■ **EXERCISE BRIEF**: For the entries below, state how many lines contain the string "from". Add nothing else.

━━━ DATASET ━━━

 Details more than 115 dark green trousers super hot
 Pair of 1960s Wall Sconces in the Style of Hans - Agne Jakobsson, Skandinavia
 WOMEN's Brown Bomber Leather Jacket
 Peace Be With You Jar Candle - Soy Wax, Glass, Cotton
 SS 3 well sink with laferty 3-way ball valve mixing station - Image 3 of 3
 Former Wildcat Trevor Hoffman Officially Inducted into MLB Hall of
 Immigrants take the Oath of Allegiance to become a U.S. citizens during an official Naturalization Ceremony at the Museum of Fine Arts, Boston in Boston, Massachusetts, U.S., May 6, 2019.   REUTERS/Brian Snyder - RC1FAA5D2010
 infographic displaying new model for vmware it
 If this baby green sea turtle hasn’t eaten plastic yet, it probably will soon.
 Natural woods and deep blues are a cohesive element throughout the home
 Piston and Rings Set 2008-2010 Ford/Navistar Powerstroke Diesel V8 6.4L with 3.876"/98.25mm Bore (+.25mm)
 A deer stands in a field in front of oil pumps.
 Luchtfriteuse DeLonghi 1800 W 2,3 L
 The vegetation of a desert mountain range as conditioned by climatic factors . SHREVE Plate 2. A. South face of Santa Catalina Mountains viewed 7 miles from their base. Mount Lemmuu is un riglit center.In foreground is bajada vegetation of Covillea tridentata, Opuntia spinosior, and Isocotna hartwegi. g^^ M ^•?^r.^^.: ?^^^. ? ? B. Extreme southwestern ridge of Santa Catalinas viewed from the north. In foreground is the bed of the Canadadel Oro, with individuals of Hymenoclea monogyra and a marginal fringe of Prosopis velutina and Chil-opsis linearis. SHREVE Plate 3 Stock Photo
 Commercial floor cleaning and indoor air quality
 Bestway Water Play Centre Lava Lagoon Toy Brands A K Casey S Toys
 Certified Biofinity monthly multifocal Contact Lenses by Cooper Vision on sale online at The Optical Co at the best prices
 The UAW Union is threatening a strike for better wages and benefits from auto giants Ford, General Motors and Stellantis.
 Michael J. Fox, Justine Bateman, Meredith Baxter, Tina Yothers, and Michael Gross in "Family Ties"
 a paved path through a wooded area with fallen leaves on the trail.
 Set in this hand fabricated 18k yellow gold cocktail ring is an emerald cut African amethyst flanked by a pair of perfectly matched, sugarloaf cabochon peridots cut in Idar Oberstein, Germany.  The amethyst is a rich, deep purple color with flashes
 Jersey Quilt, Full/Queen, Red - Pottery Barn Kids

━━━

■ **REPLY TO THE TASK**: 2